To get a pro bono Diophantine equation, multiply both sides by $5xyz$:

$5yz+5xz+5xy=4xyz$

Reduce (mod 5) to get $4xyz \equiv 0$. Assuming $x\leq y,z$, we have $4/5\leq 3/x$, so $x <4$. Let us take $y$ to be a variable divisible by 5.

Case $x=2$:

$y=5$ implies $z=10$.

$y=10$ implies $z=5$.

Otherwise, $z<5$. Since $1/z\leq 4/5-1/x$, then $z>3$.

$z=4$ implies $y=20$.

Case $x=3$.

We have $\frac 1y+\frac 1z=\frac 45-\frac 1x=\frac 7{15}$.

Multiplying by $15xy$, we get

$15z+15y=7yz$.

Reduce mod 3: $0\equiv yz$ -- so, either $y$ or $z$ divisible by $3$.

Case $y$ divisible by 3: we already assumed $y$ divisible by $5$; so $y$ divisible by 15.

So, $\frac 1z=\frac 7{15} - \frac 1y\geq \frac 7{15}-\frac 1{15}=\frac 25$, or $z\leq 2.5$. Since $z\geq x$, then $z=2$, and clearly this does not work.

Case $z$ divisible by $3$:

As above, $\frac 1z=\frac 7{15} - \frac 1y\geq \frac 7{15}-\frac 15=\frac 4{15}$, so $z\leq 15/4$. Then $z=3$ is the only choice, and again this does not work.

Answer 4

Just to give another way (I like that).

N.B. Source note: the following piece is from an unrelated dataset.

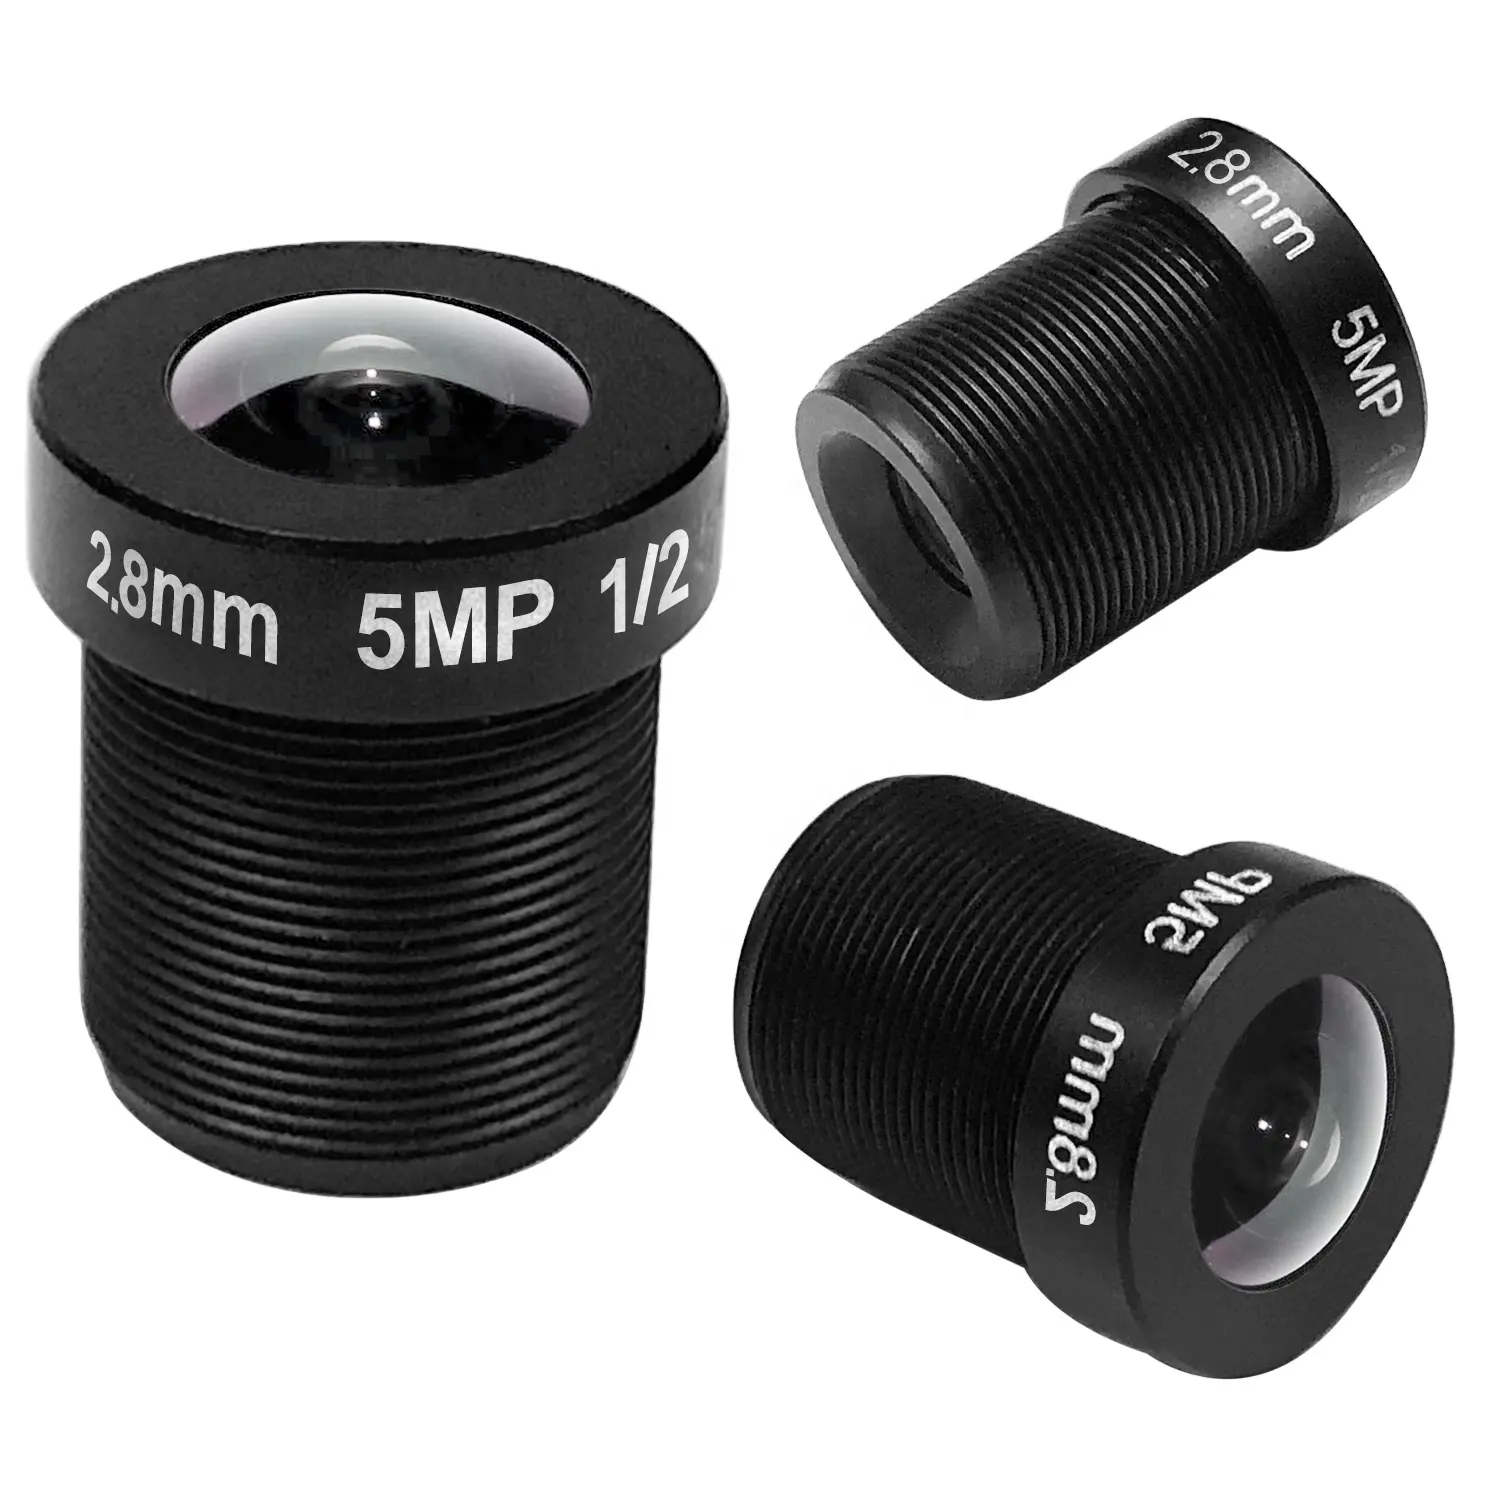 Camera Lens CCTV HD 5MP Fisheye 12mm M12 180 Degree Wide Viewing Angle F2.0 1/2.5" For Surveillance Security Cameras

It is known the only $n$ such that its decimal expression is finite are $n=2^a\cdot5^b$ Since we look for $$\frac 1x+\frac 1y+\frac 1z=0.8$$ we begin with $x=2$ which gives $$\frac 1y+\frac 1z=\frac45-\frac12=\frac{3}{10}=\frac{6}{20}$$ from which the solutions $$(x,y,z)=(2,5,10),(2,4,20)$$ and obviously all the permutations so the smallest integer to be considered is $x=8$.

It is easily verified that all other such as $x=8,16,25,....$ are not solutions.